Picking up No. 17 in this year’s draft makes it clear that the Hawks are not done dealing and thus cannot be judged on this trade in a vacuum. Multiple times over the last few months, Schlenk has made mention of the fact that the team doesn’t necessarily want to bring in five rookies. Well, now he has six picks and assuming his desire to not bring in five rookies was not that he wanted to bring in MORE than five rookies, the Hawks have some trades to make.
Rumors immediately flooded that they were aiming to move up within the top ten, perhaps as high as No. 5 in a trade with Cleveland, which may enable them to draft a player like Texas Tech’s Jarrett Culver, a prospect who fits Schlenk’s “dribble, pass, and shoot” philosophy perfectly. Should Culver be off the board by the time No. 5 rolls around, the Hawks could make a lesser deal for someone like Virginia’s De’Andre Hunter, considering just how many assets they have to move. The top prize, of course, would be Zion Williamson, but there’s almost no realistic package they could send to New Orleans for the opportunity to retain Williamson’s services.
Where Atlanta goes from here will be interesting. This trade is just one piece of the puzzle; we’ll have more pieces to fill in the rest of the picture in the coming months. More than most trades made in the NBA, this move really cannot be viewed in a vacuum and must be looked at in the overall scope of their offseason, which is obviously a bit difficult to do at this moment in time. Still, the value they got in this trade was tremendous – two first-round picks, one of which is already known to be in the middle of the round, in exchange for taking on Crabbe’s salary and a young player in Prince coming up on restricted free agency next summer is a very fine deal indeed for Schlenk and his staff.
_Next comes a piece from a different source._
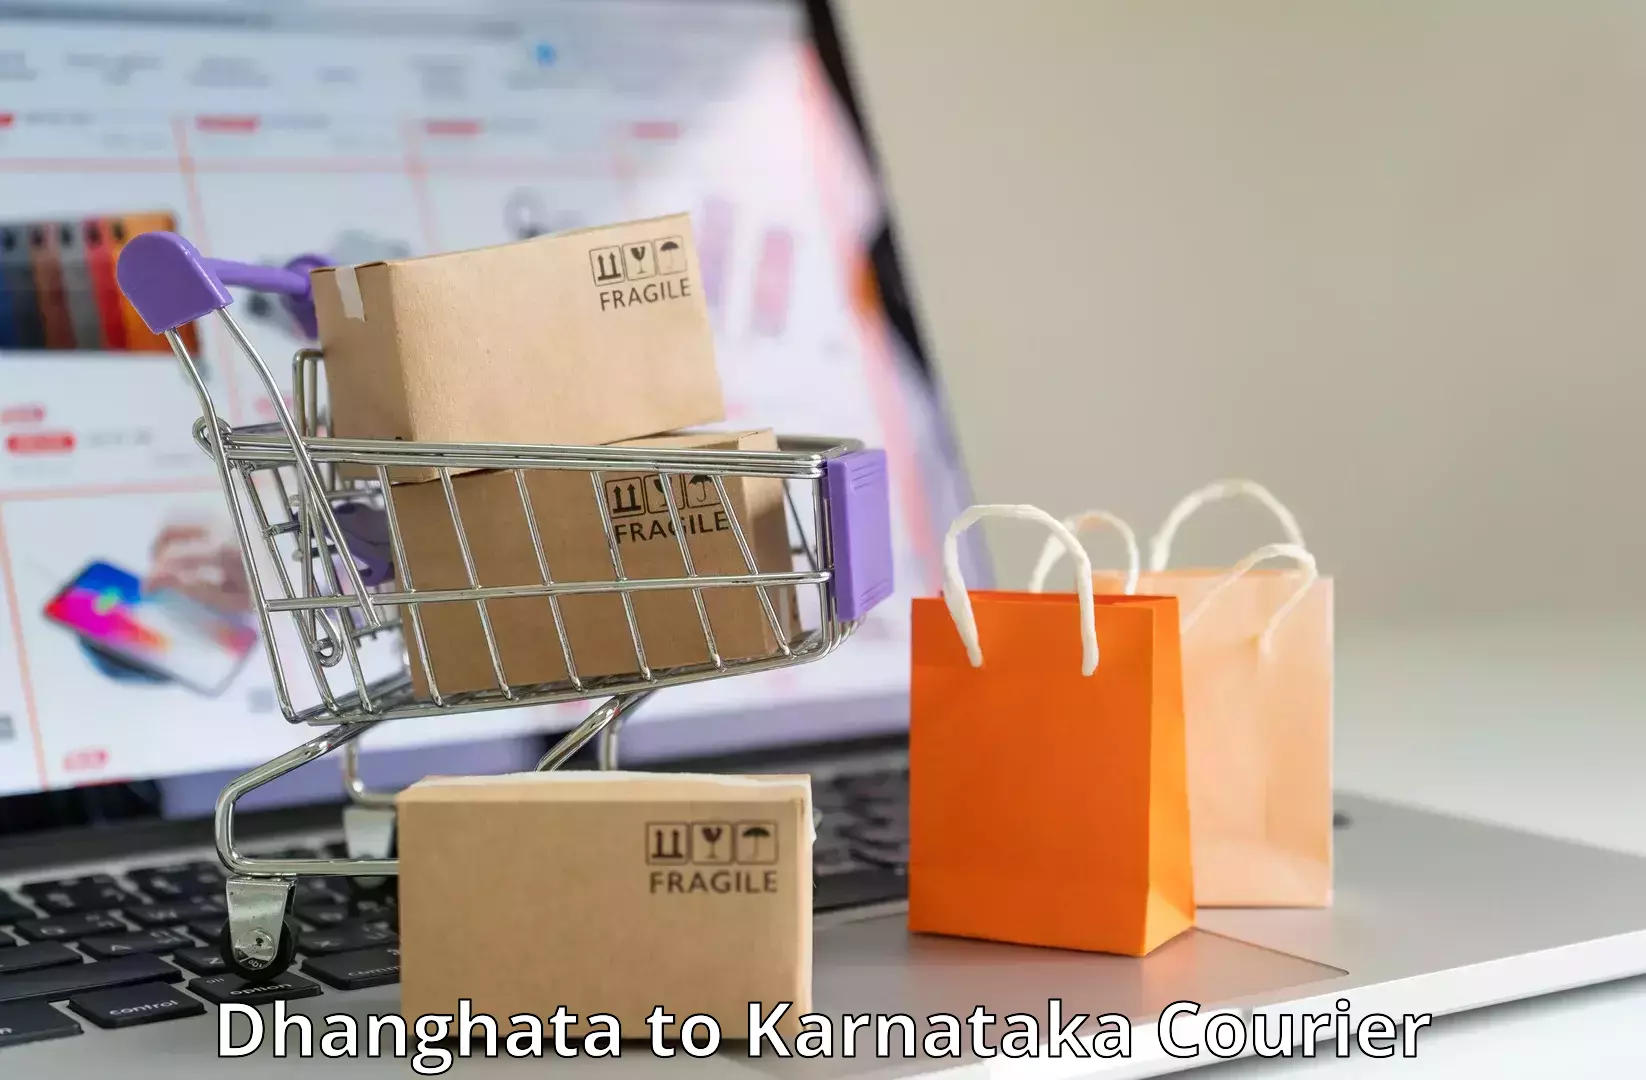 24-hour courier services Dhanghata to Yellare

There are always risks involved in any deal. The risk that Prince’s defensive acumen was hidden below his lack of effort and he becomes a high-end 3-and-D player, the risk that they’re unable to offload multiple picks in this year’s draft to either move up or collect future draft assets, or the risk that they could have done better with the 2019 cap space used in this deal are all downsides that Schlenk had to weigh before pulling the trigger. However, the upside of multiple first-round selections and the asset flexibility it gives the Hawks should be well worth any potential downside risk.